Source of Funding for a Poultry Business

Well, it always come down to money at the end doesn’t it. When it comes to the issue of financial dependence for most poultry companies in the country, the major sources of funding for the business are savings and/or credit cards of the business owner, bank loans and angel investors.

To obtain bank loans, banks will want to examine your business plan and gain confidence that you will be able to repay your loan and interest. The loan officer will want to confirm that your financials are reasonable.

A professional plan should answer all or most of their questions. Such a proper plan will give the loan agency more confidence that you can successfully and professionally operate your business.

Another common form of funding for poultry businesses is angel investors. These are wealthy individuals who fund business ventures. They will either grant you a direct loan like a bank or take equity in return for their funding.

These days, another new funding model for agro-based businesses called crowdfarming is scaling up in Nigeria. Basically, crowdfarming involves sourcing funds from a crowd of individuals to invest in smallholder agricultural businesses in return for a stipulated ROI over a designated period of time. Some tech startups involved in enabling the growth of crowdfarming enterprises in Nigeria include FarmCrowdy, ThriveAgric, amongst others.

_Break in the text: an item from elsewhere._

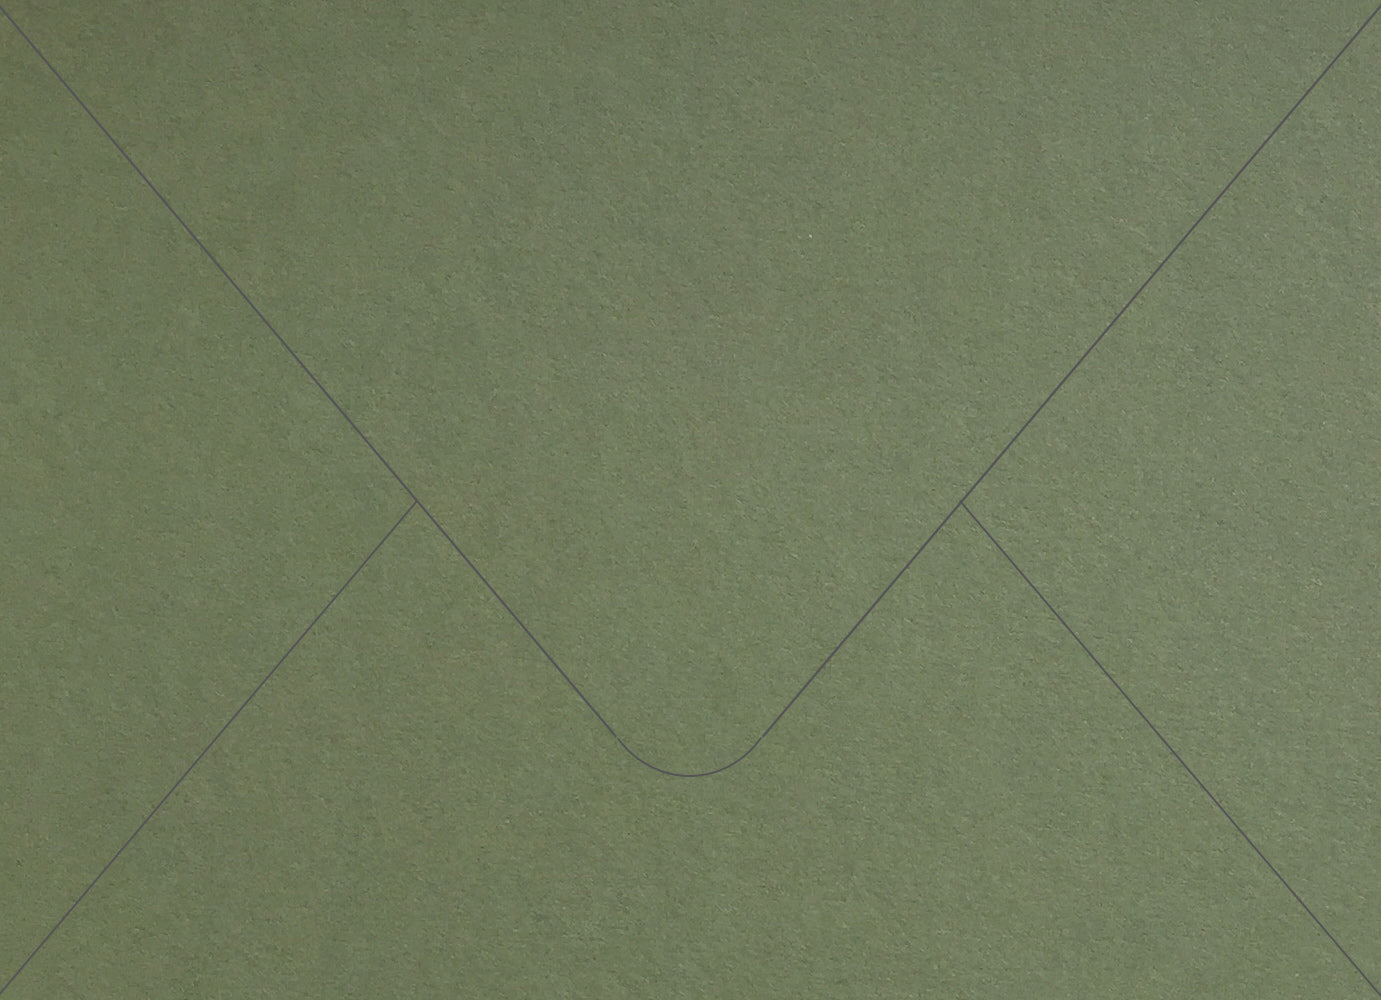 Mid-Green Colorplan Euro Envelopes

However, depending on the scale your business is at, certain investors would not fund a small business. These sharks and venture capitalists might consider funding a poultry company with multiple locations or a massive footprint, but never an individual location.

The simple reason for this is that most venture capitalists operate money at a scale that requires they make millions of dollars in return when they make an investment. A small poultry farm run by a lone farmer in a cramped location could never achieve that.

Poultry Business Plan Template

Your plan should include the following sections:

Executive Summary

Even though this part of your plan comes first, it is normally the last section you write because it provides a summary of each key section of your plan.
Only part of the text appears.